A Regulatory Noncoding RNA, nc886, Suppresses Esophageal Cancer by Inhibiting the AKT Pathway and Cell Cycle Progression
Round 1
Reviewer 1 Report
The authors adequately addressed my concerns.
Reviewer 2 Report
I reviewed with interest the revised version of the manuscript “cells-689847” by Wonkyun Ronny Im and colleagues about the functional characterization of non-coding RNA nc886 in esophageal squamous cell carcinoma (ESCC).
As stated earlier, the study of nc886 is of particular interest given that its function seems to be cancer dependent. Overall the study is well designed and the experimental data support the conclusions made by the authors. The method section is clearly written. The statistical analysis is clear as well. The clinical relevance of the study is also established in a large cohort of ESCC patients.
Importantly, most of the issues raised by the reviewers have been addressed. In particular, additional experiments have been performed to clarify specific points and to strengthen the data (newly added data are Fig 5B, 7D, 7F, S1, S3 and 5C; improved figures are Fig 1F and 5C).
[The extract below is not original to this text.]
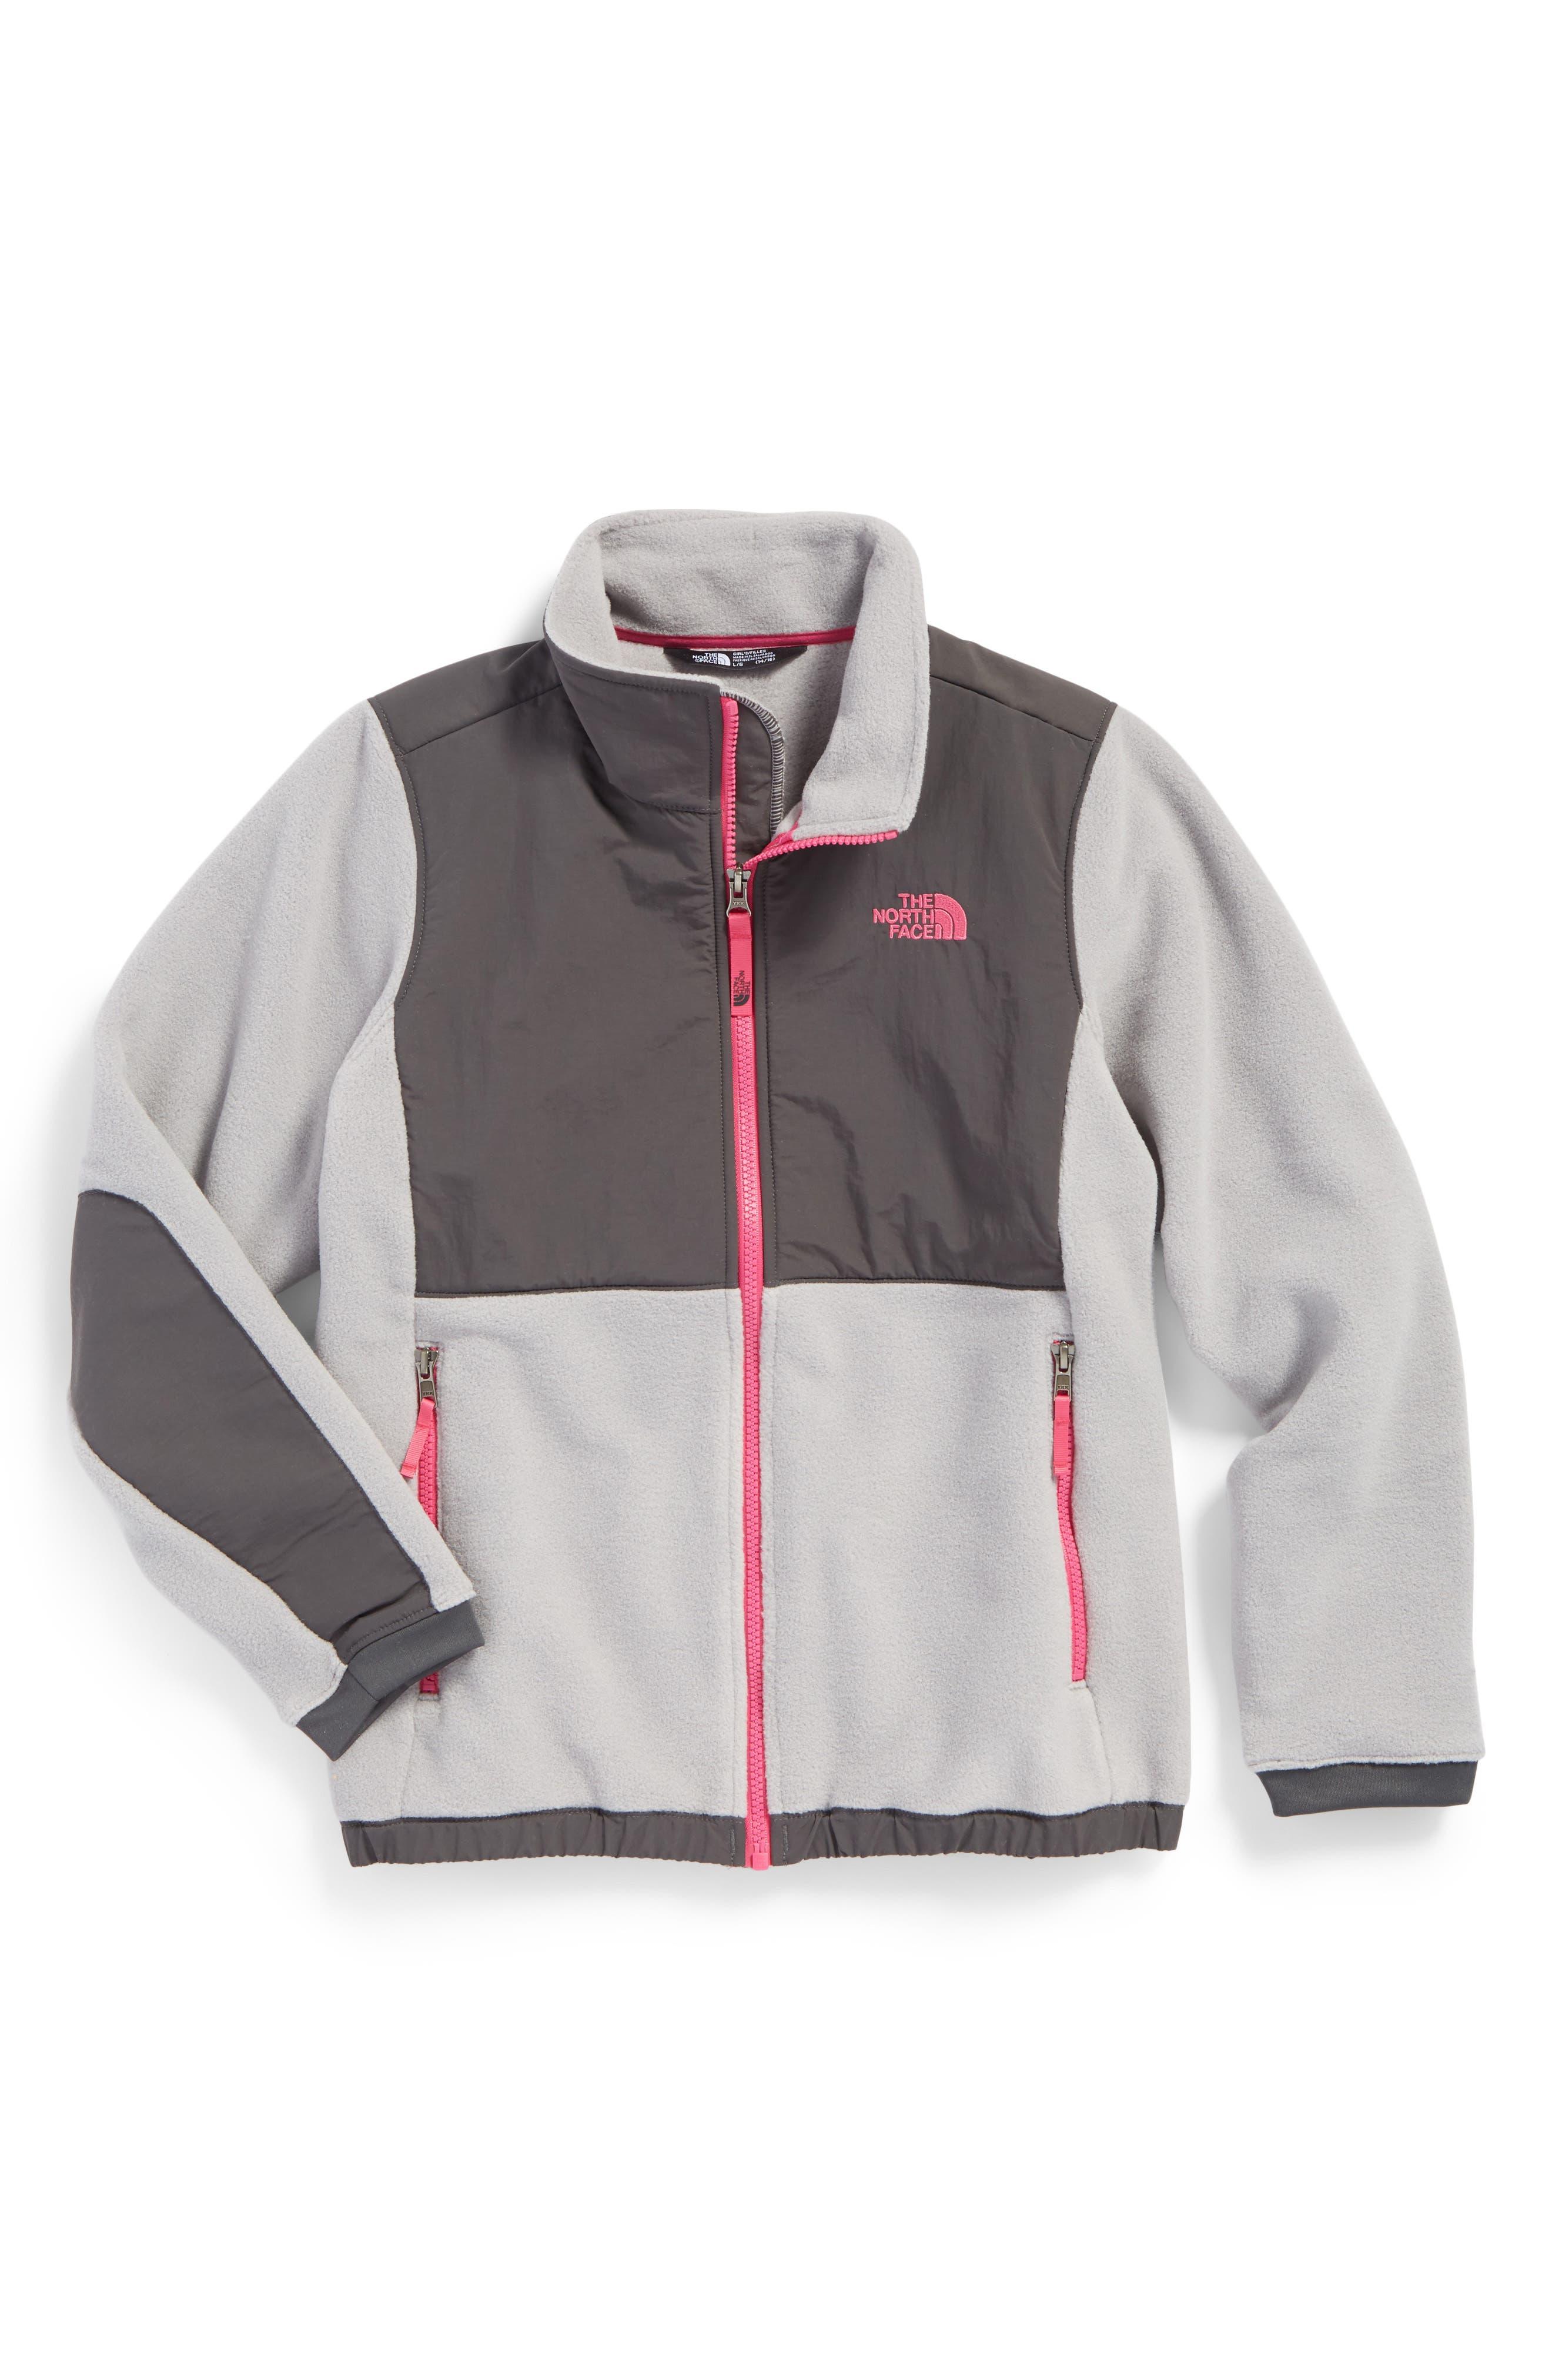 Denali Recycled Fleece Jacket,                         Main,                         color, 021

This manuscript is a resubmission of an earlier submission. The following is a list of the peer review reports and author responses from that submission.
Round 1
Reviewer 1 Report
I reviewed with interest the manuscript “cells-689847” by Im et al about the functional characterization of non-coding RNA nc886 in esophageal squamous cell carcinoma (ESCC). The authors previously reported that nc886 silencing in ESCC patients is associated with a shorter survival. Here, by gain and loss of function experiments in vitro and transcriptomic analysis, the authors show that nc886 delays G1-S transition by controlling cell cycle genes (e.g. CDKN2A, CDKN2C, SKP2, CUL1). They further report that nc886 targets AKT. Thus, nc886 silenced cells exhibit active AKT, higher proliferation and are more sensitive to palbociblib, a drug targeting CDK4/6. The authors also report a set of nc886-associated genes predictive of patient survival in ESCC.
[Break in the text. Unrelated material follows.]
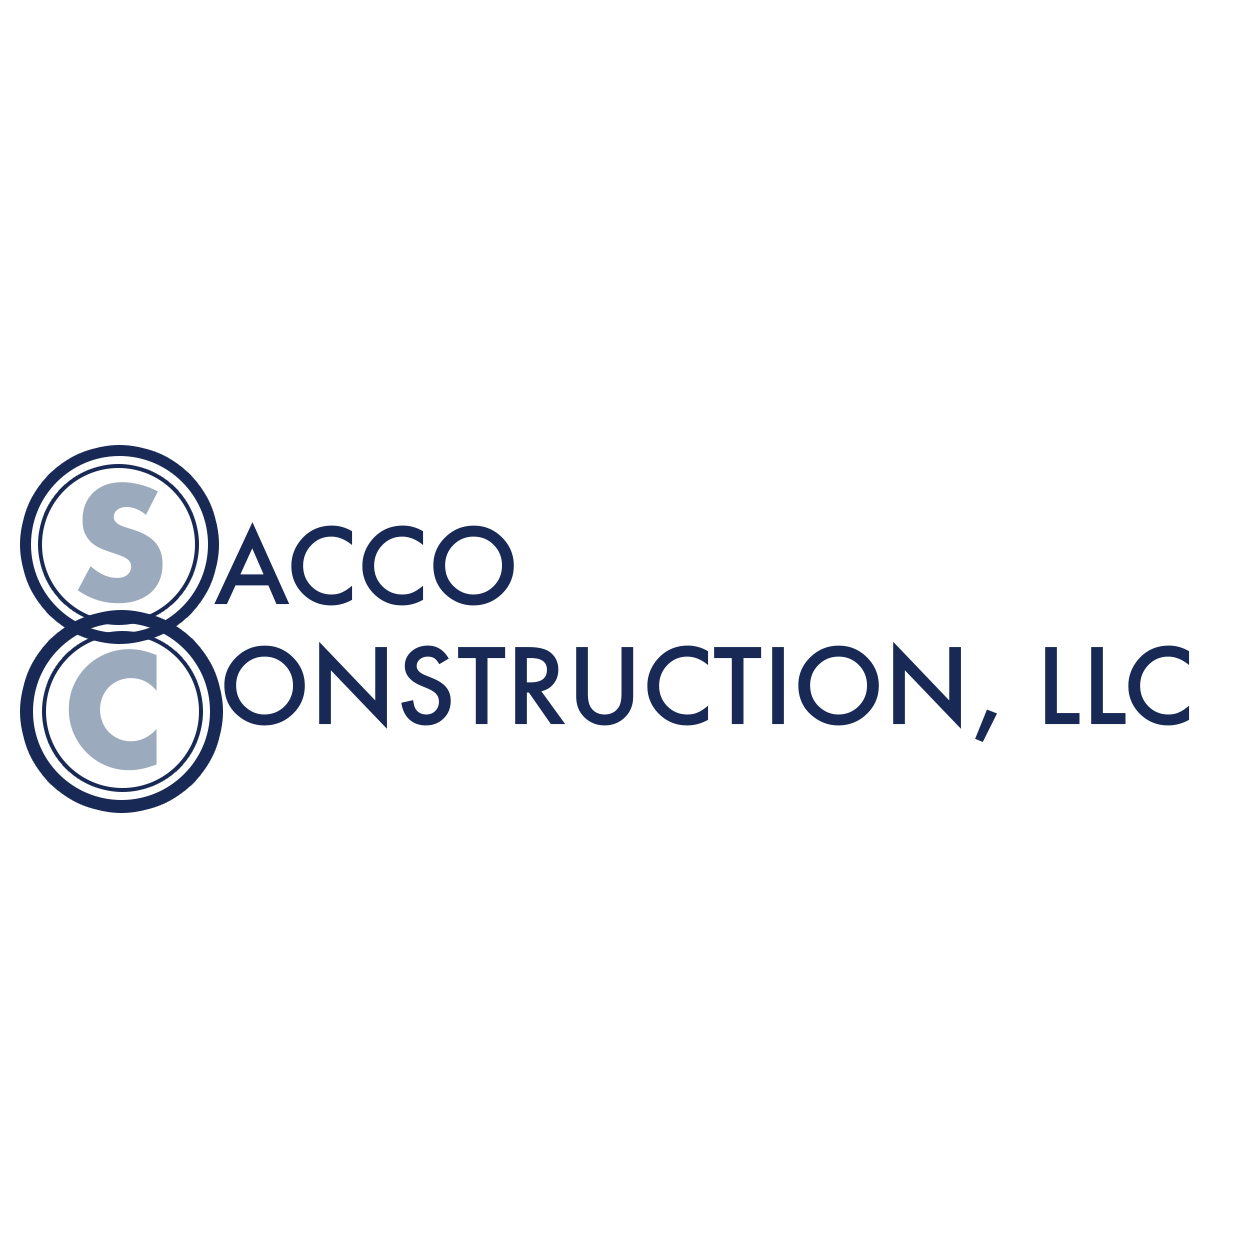 Sacco Construction, LLC Logo

The study of nc886 is of particular interest given that its function seems to be cancer dependent. Overall the study is well designed and the experimental data support the conclusions made by the authors. The method section is clearly written. The statistical analysis is clear as well. The clinical relevance of the study is also established in a large cohort of ESCC patients. However, several points should be addressed to strengthen the study.
Comments
It is not clear why two microarray platforms were used in the study. It seems that part of the data was previously published. This point needs to be clarified in the method section. The dose of 5µM palbociclib should be justified. Figure 1F: please include statistical analysis. Similarly, the number of replicates should be indicated in Figure 2. Section 3.3 is rather difficult to read. Gene expression signatures obtained after nc886 gain and loss of function should be provided and directly compared (i.e. Venn diagram and illustrated by a heatmap) even though the kinetics are not similar. This comparison should be informative. Section 3.4, line 4: the term “arrayed” is somehow confusing. The molecular mechanisms linking nc886 and altered expression of AKT and cell cycle genes should be discussed (ceRNA sponging miRNA targeting AKT?) In Figure 7 the authors show an inverse correlation between nc886 expression and sensitivity to palbociclib. However, sensitivity to the drug should be determined after gain and loss of function of nc886 to strengthen the data.Reviewer 2 Report
My major concern regarding this manuscript is that most of the experiments were performed using only HEK293T cells. While nothing is wrong with using such a cell lines, in order to claim that a ncRNA is functional in cancer one is expected to demonstrate such a function in (at least) two tumor cell lines.
I am aware that some of the experiments were performed using esophageal cancer cell lines however, as is the case in Fig 5 for example, only one esophageal cancer cell lines was used.